As we can see from the visualization, this model is better than the previous one. The forecast data point is closer to actual data and the score of MAE of this model is smaller than the previous one.

Multiple Seasonality

Cross Validation

fnbtrain_msts <- head(fnb_msts, n= length(vis_ts)-13*7)
fnbtest_msts <- tail(fnb_msts, n = 13*7)

Triple Exponential Smooting Model

model_tes_msts <- HoltWinters(fnbtrain_msts)

# forecast
forecast_tes_msts <- forecast(model_tes_msts, h = 13*7)

# model evaluation
MAE(y_pred = forecast_tes_msts$mean, y_true = fnbtest_msts)
## [1] 6.277796

Let’s see how the visualization of this model is

plot_forecast(forecast_tes_msts)

### ARIMA Model

model_arima_msts <- stlm(fnbtrain_msts, method = "arima")

# forecast
forecast_arima_msts <- forecast(model_arima_msts, h=13*7)

# model evaluation
MAE(y_pred = forecast_arima_msts$mean, y_true = fnbtest_msts)
## [1] 5.579281

This model has the smallest MAE comparing to our previous models. Let’s see how the visualization is.
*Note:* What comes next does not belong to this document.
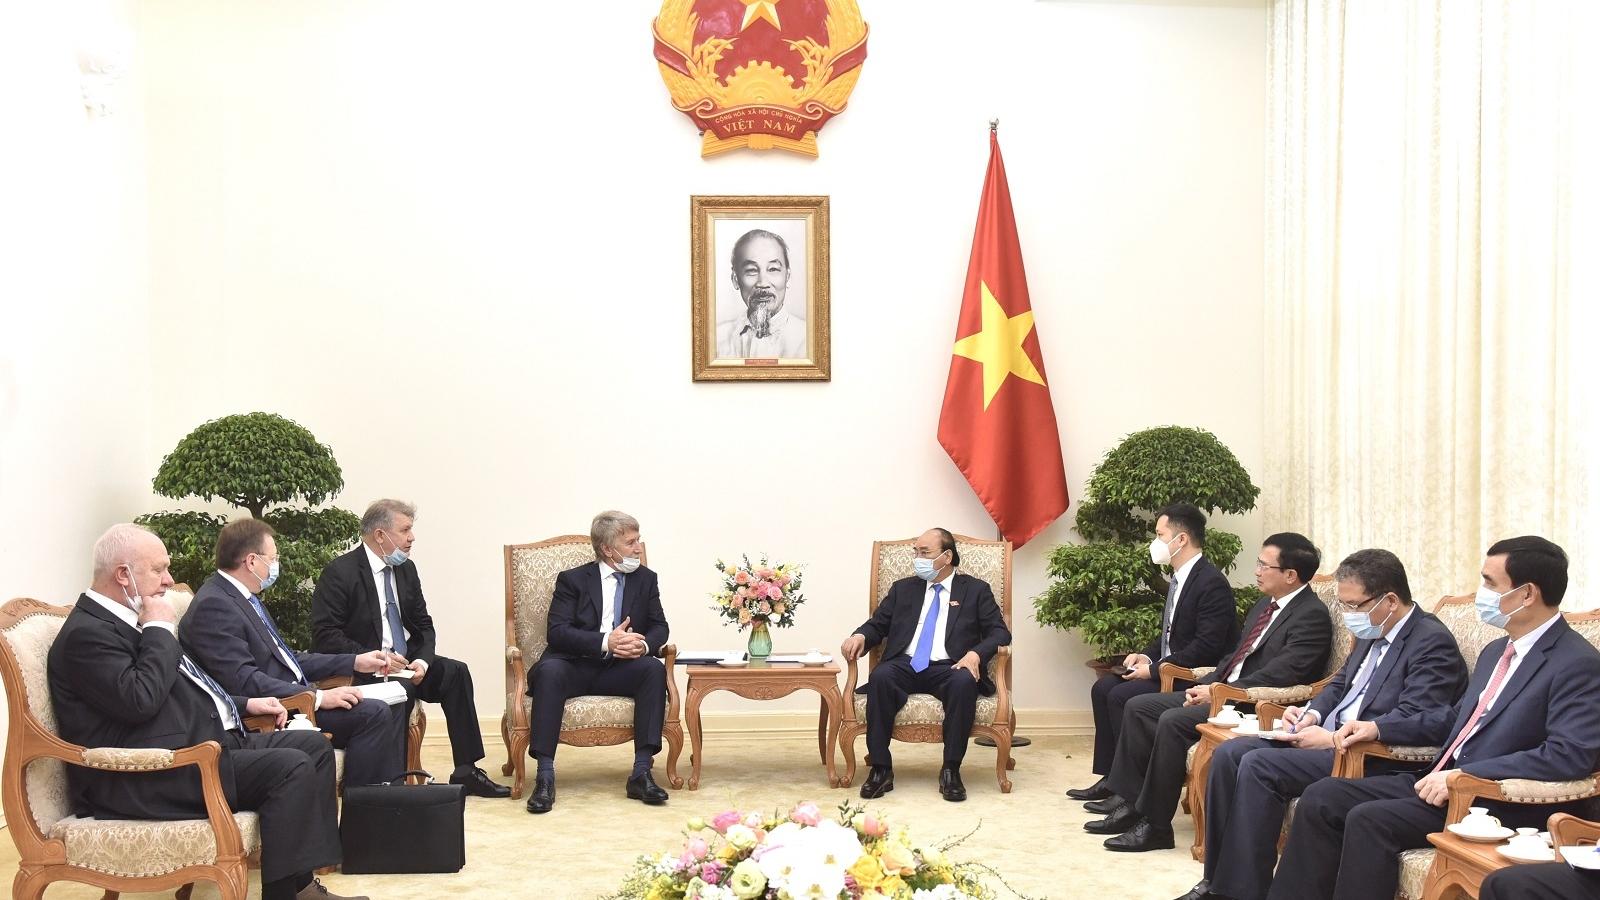 Thủ tướng tiếp Đại sứ Liên bang Nga tại Việt Nam

plot_forecast(forecast_arima_msts)

The result is good. Most of our forecast data point is closer to the actual data point. We can assume that this model is better than the others.

Prediction Performance

Since the smallest MAE that we get is from ARIMA model of Multiple Seasonality (5.57), we will use this model to forecast in our test data.

test_data <- read.csv("Data Capstone/3. FnB-ts-visitor/data/data-test.csv")

model_arima_test <- stlm(fnb_msts, method = "arima")

forecast_arima_test <- forecast(model_arima_test, h=13*7)


# insert the data into table
test_data$visitor <- forecast_arima_test$mean
write.csv(test_data,file = "forecast_fnb5.csv")

As result of submitting to leaderboard, we pass the standard requirement of MAE.

Conclusion

To make a good forecasting, we have to test several assumptions:
1. No-Autocorrelation for residuals
2. Normality of residuals

Box.test(x= model_arima_test$residuals)
## 
##  Box-Pierce test
## 
## data:  model_arima_test$residuals
## X-squared = 0.0074198, df = 1, p-value = 0.9314

Due to p-value is bigger than 0.05, we can conclude that the residuals has no-autocorrelation.

shapiro.test(model_arima_test$residuals)
## 
##  Shapiro-Wilk normality test
## 
## data:  model_arima_test$residuals
## W = 0.99123, p-value = 8.823e-06

Since the p-value is less than 0.9, so the residuals are not distributed normally. Note that Shapiro test tests only deviation of residual distribution from the normal and not the forecast performance, which worsens for longer forecast. If we want to forecast longer data, we will need to add more data to feed in our model.

As for the last, we can see from the Seasonality Analysis, we conclude that Saturday at 20.00 (8 P.M) is the highest visitors.